Here are a few of their evergreen assets that generate the most links:

  • Best Places To Work
  • Top CEOs
  • Best Small & Medium Companies To Work For

Glassdoor shares this information each year, and guess what else happens each year?

The companies on the ‘best places to work’ list link to the report… The CEOs on the ‘top CEO’ list tell their teams to write a blog post and press release about their inclusion… And the best SMBs share the fact that they were included all over social media and their blog.

It’s a brilliant SEO strategy that guarantees links every single year.

But that’s not the only format they embrace.

Similar to the study they conducted about the gender pay gap — Glassdoor creates studies that have an editorial hook that a journalist or reporter would run with.
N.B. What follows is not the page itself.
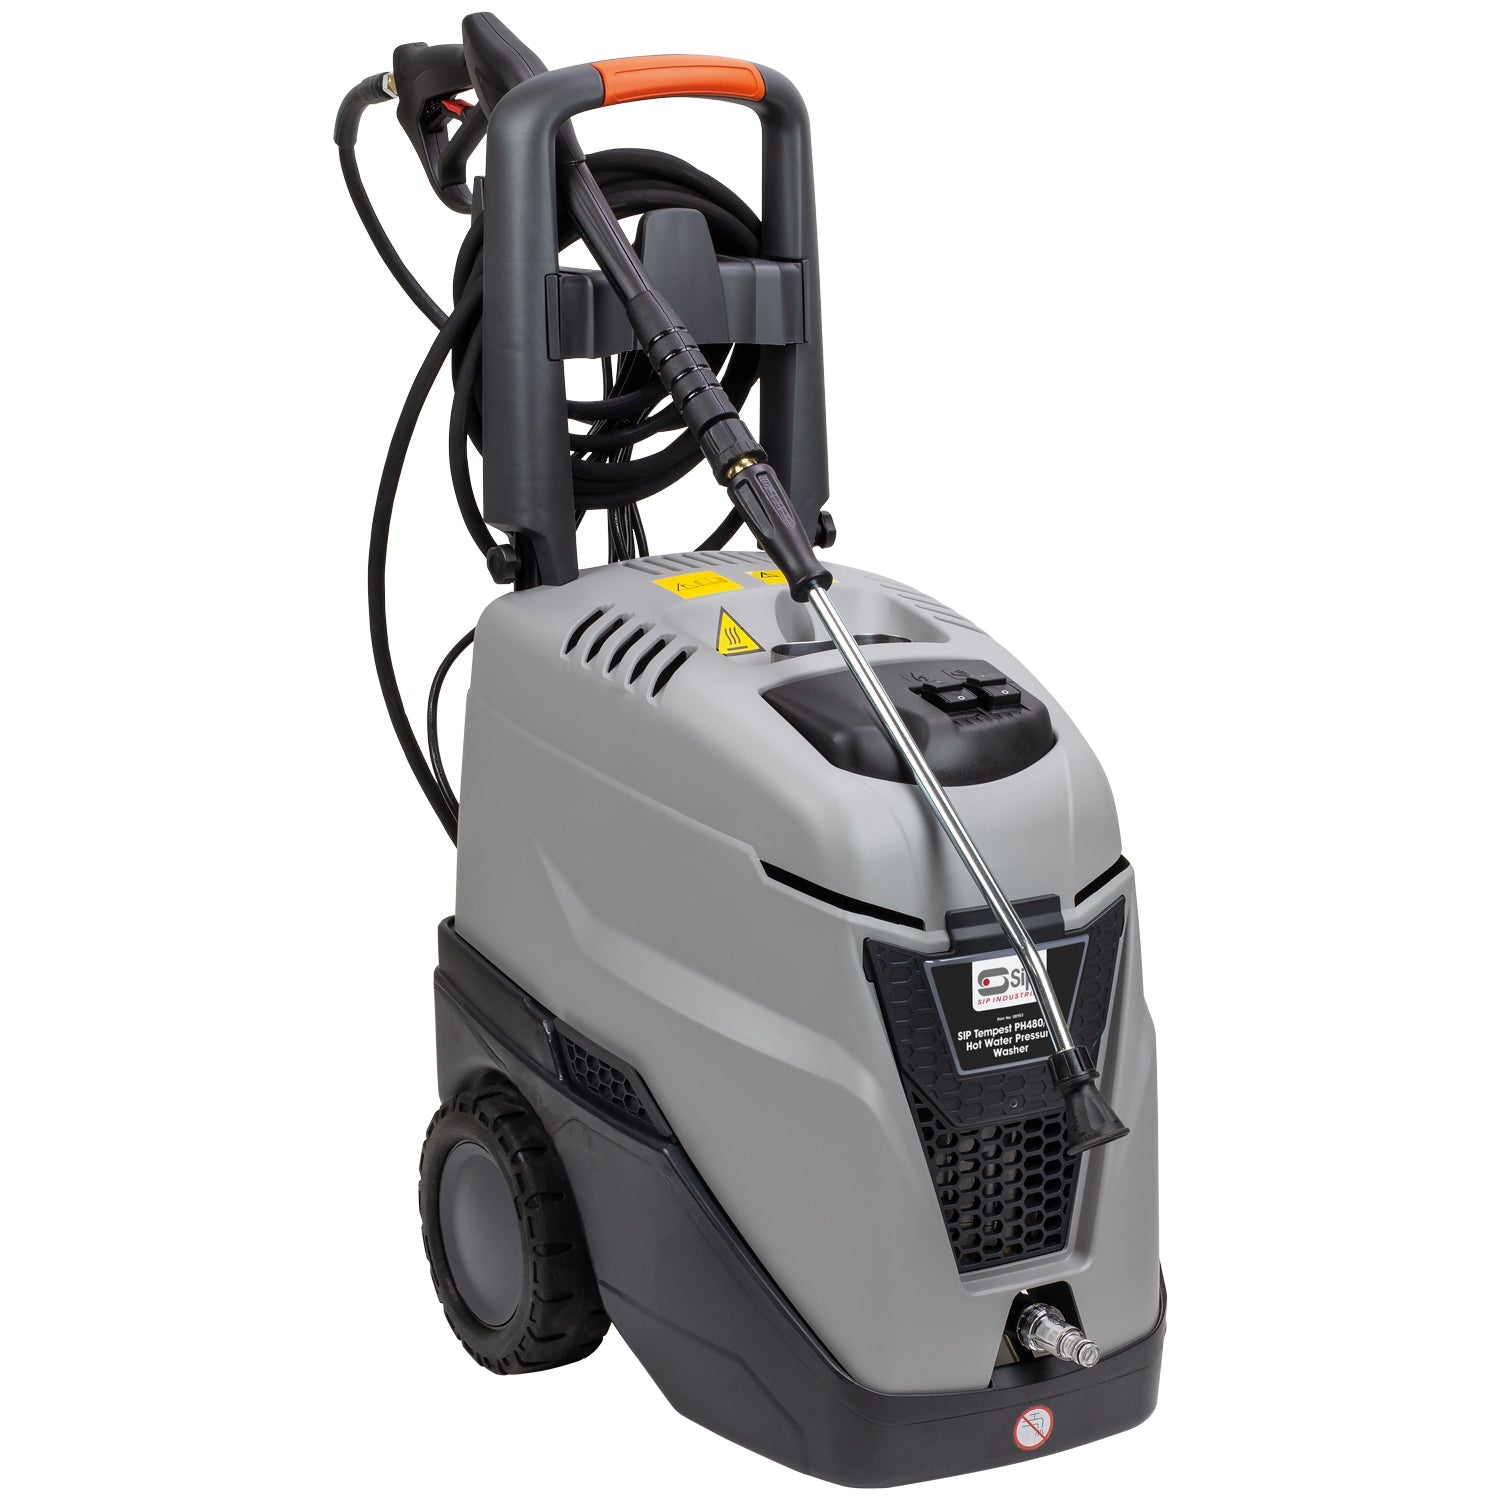 SIP TEMPEST PH480/150 Hot Electric Pressure Washer
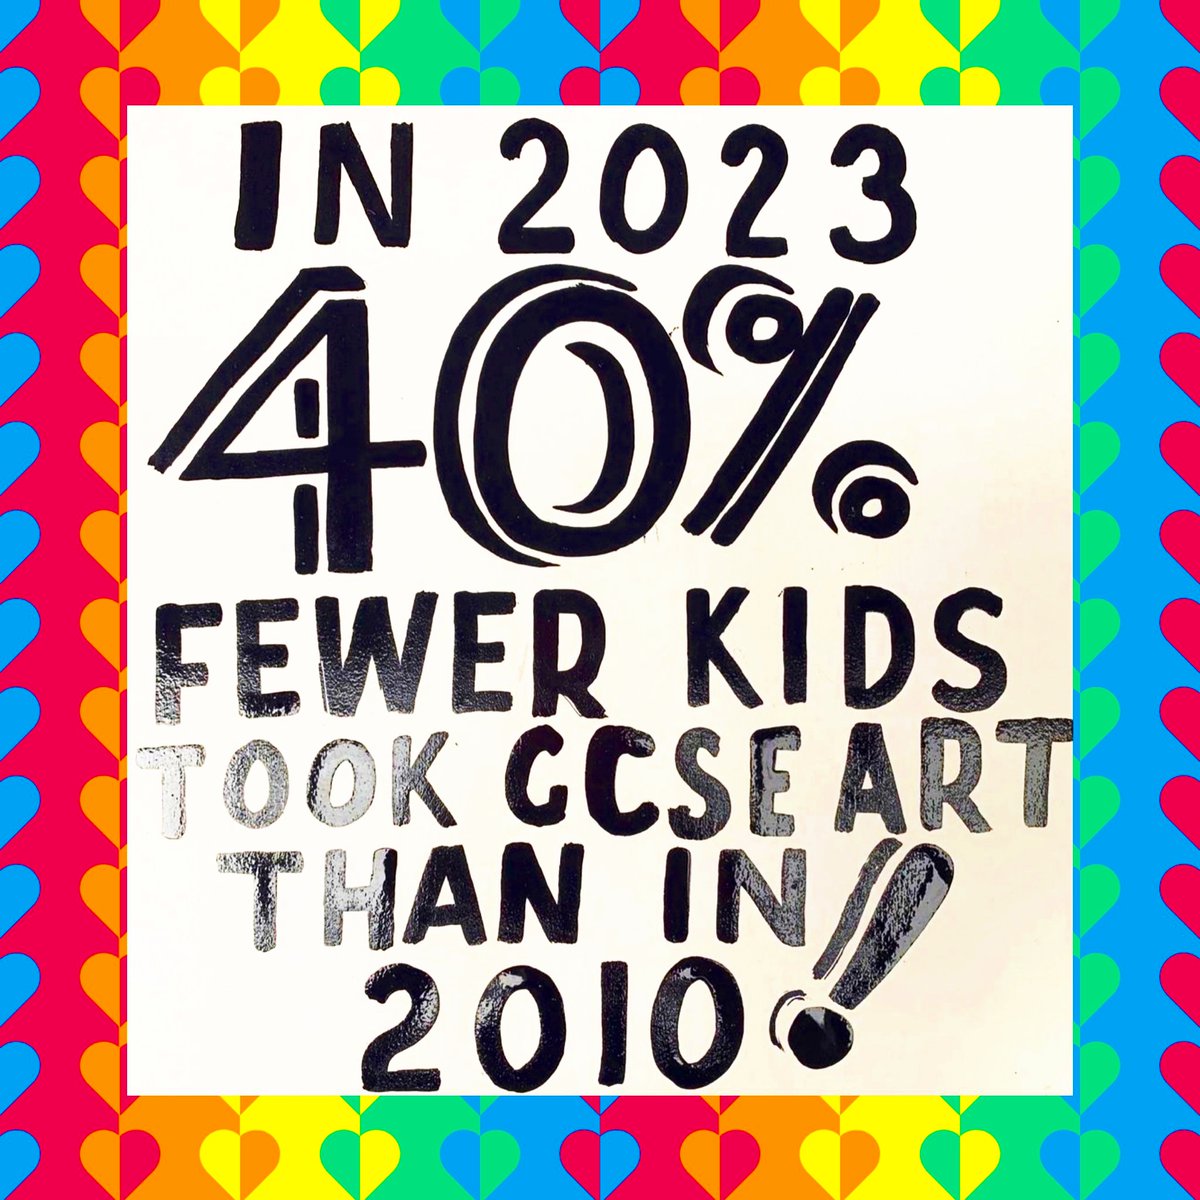 FOLLOW YOUR HE-ART: just read this sad statistic (via @HollyLTucker/@BobandRoberta). Without the opportunity to explore creativity, there would be no @ceramicaclaygate, a place where so many of you love to come & escape through art; if ART is where your HE-ART is, FOLLOW IT! ♥️

For example, they recently published a study titled:

  • Culture Or Cash: Survey Finds 50% of Employees Pick Culture Over Salary

That study went out as a press release. See below:

And it was linked to by:

Hubspot, Doordash, Yahoo, Talentlyft, Kforce, Recruiter.com,  Wework, and much more.

This is the power of data-driven content.

Another example of this is from Ehren Reily. Product Manager at Glassdoor. He gave a talk called “Growth Hacking Beyond Google” and shared a slide that talked about one of their other early content assets that took off in terms of putting the brand on the map. It was a data-driven infographic that highlighted the ‘top paying companies for interns’ using a data set from Glassdoor:

This piece generated 3,765 backlinks from 344 domains.

Here’s the thing:

If you can do this consistently. It will grow your brand. People will take notice of your brand in the press. People will take notice of your brand in their feeds. And people will notice that your brand is providing the data to support the news within their industry. In the HR industry, Glassdoor used its data to capture mindshare amongst its target audience.

This has paid dividends for them.

But it didn’t happen overnight.

The screenshots of slides… The references to Medium publications… The strategy screenshots… All of these ideas come from different periods of time in Glassdoor’s journey towards building a content moat. It’s not an overnight switch. It’s not a one-hit-wonder strategy. It’s an effort that requires consistency and a commitment to creating excellent content.

And to do that…

It all starts with your content culture.

Some organizations have it. Some organizations don’t. All organizations can get there. But the question is whether or not you’re willing to view content like an investment or like an expense.

If you view it like an investment — You can play the long game like Glassdoor.

And if you play the long game… You can build a moat that others will study years from today.